When it comes to the freight environment, Waggoner is sticking with his U-shaped recovery prediction. He said the flow of freight has remained disrupted, with some lanes doing extremely well and others struggling, depending on the goods moving in those lanes.
“At some point, when we get out from under this pandemic, I think things will return to normal and it will be additive to what we are seeing today,” he said.
Waggoner added that capacity seems to be tighter right now, but that has to do with the amount of equipment sidelined. If demand grows suddenly, he said, capacity could tighten significantly more and shoot rates up.
“We’ve got about 2,500 employees and in the middle of March we sent everyone home, and then we saw a bubble of business [resupply of essential goods] in the middle of March,” Waggoner said. “The first half of April saw business fall off as the recession took hold, but by the end of April, we’d seen continuous build in business and volumes. At least in the freight environment, things seem to be healthy.”

ISO certifications

In June, Echo announced it had received ISO certifications for several of its technology-enabled transportation management services.
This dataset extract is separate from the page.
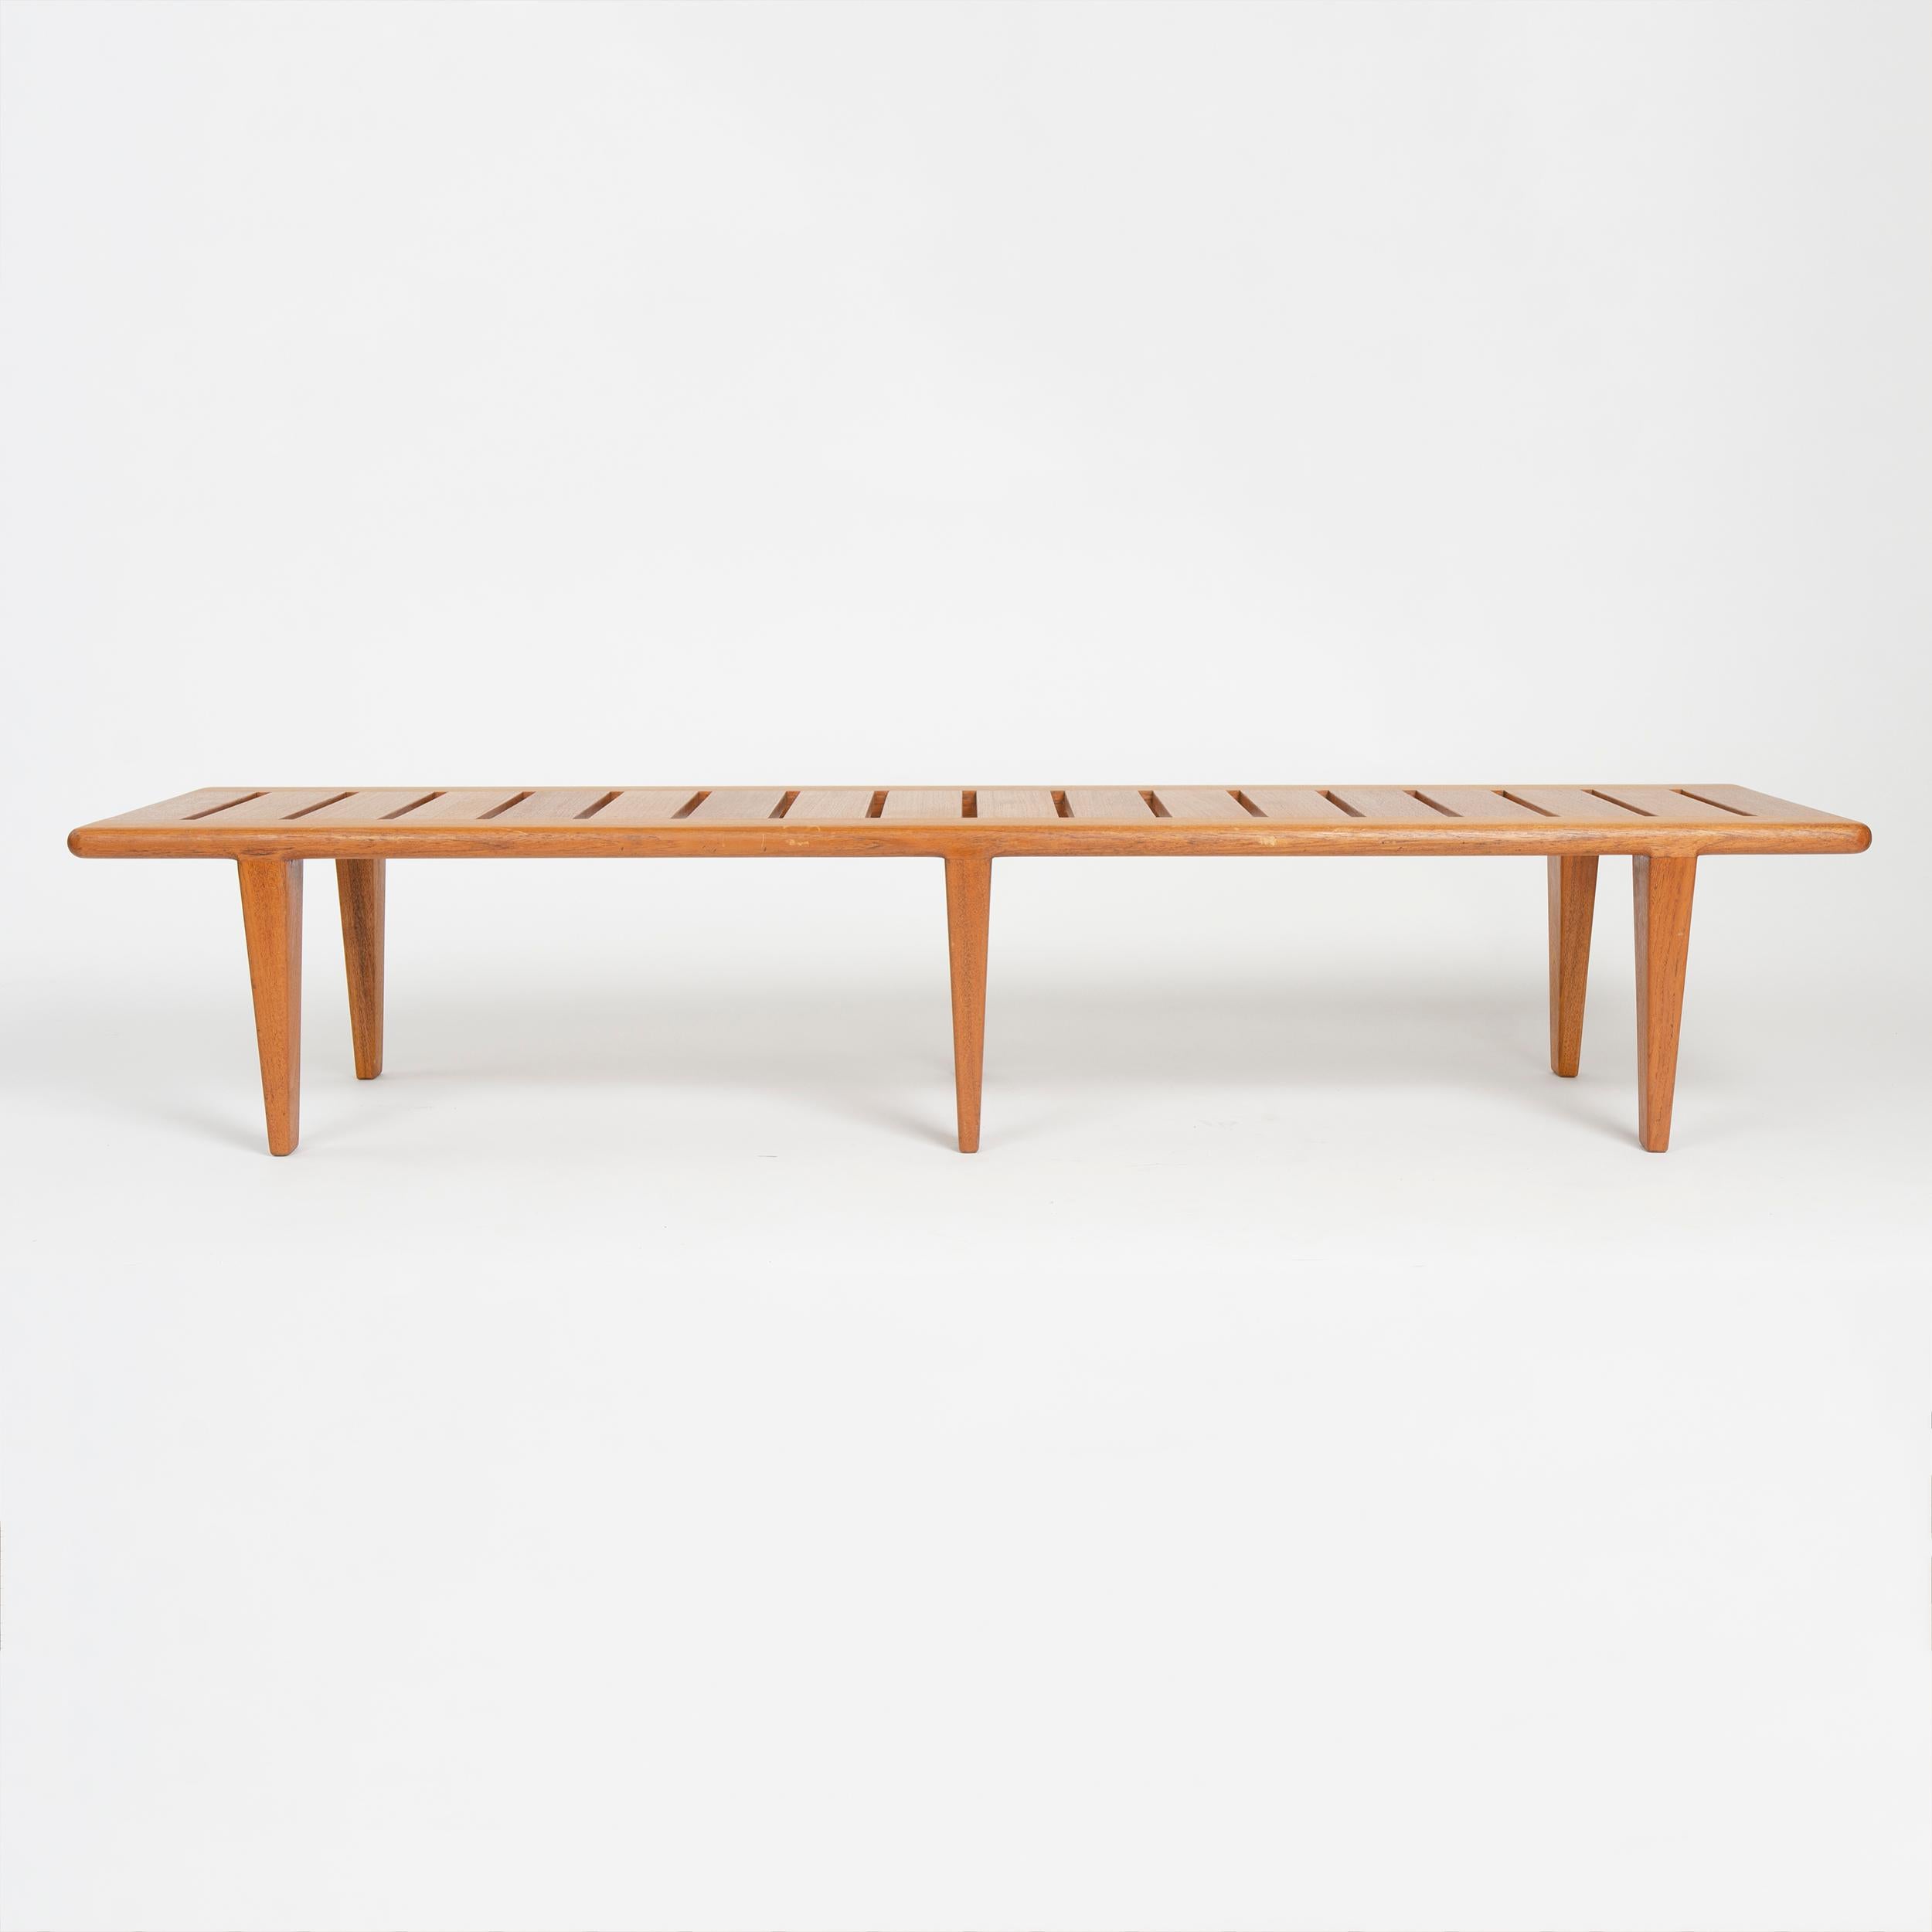 A solid teak bench with a slatted seat over six (6) tapered legs.

The International Organization for Standardization (ISO) awarded Echo ISO 9001:2015, ISO 13485:2016 and ISO 14001:2015 certifications for its quality management system, medical device quality management system and environmental management system — something the company said is unique in the 3PL sector.
Waggoner said the certifications are important for a number of reasons.
“Going through the ISO process has a lot of rigor to it and a lot of discipline. We run our company [that way],” Waggoner said. “In the first case in medical devices with ISO 13485, as you can imagine with medical devices and regulations, there are certain customers out there that want partners that are ISO compliant.”
Echo’s certification in the ISO 9001:2015 standard confirms the company has the quality management system in place to consistently provide services that meet client needs and regulatory requirements while also continuously working to enhance performance. Through its certification in ISO 13485:2016, a widely used standard for quality management in the medical device industry, Echo is verified as a company that abides by required regulations and demonstrates a commitment to maintaining the safety and quality of medical devices. In regard to its environmental management system, Echo is certified in the ISO 14001:2015 standard, which indicates that the company is successfully managing its environmental responsibilities to achieve its objectives, meet compliance requirements, and continuously improve its environmental practices.
In order to achieve certifications, Echo had to demonstrate its processes and procedures around quality assurance, customer care protocols, complaint resolution standards, and root cause analysis frameworks. Part of this work involved defining performance metrics and creating an integrated quality manual that provides an overview of the key elements of the company’s integrated management system.
Waggoner was particularly pleased with the time frame to achieve the certifications. Normally it takes 18-24 months to get through the entire process, but Echo was able to achieve certifications in about nine months “because that’s how we run our business,” Waggoner said.
“For certain customers, it’s a requirement for doing business with them,” he added. “A lot of medical device and pharmaceutical companies are very rigorous … and part of the process is transportation and the transportation component. … We have a quality culture and as overachievers like to check the box, so it was a box we wanted to check, and we had some opportunities with customers [as well].”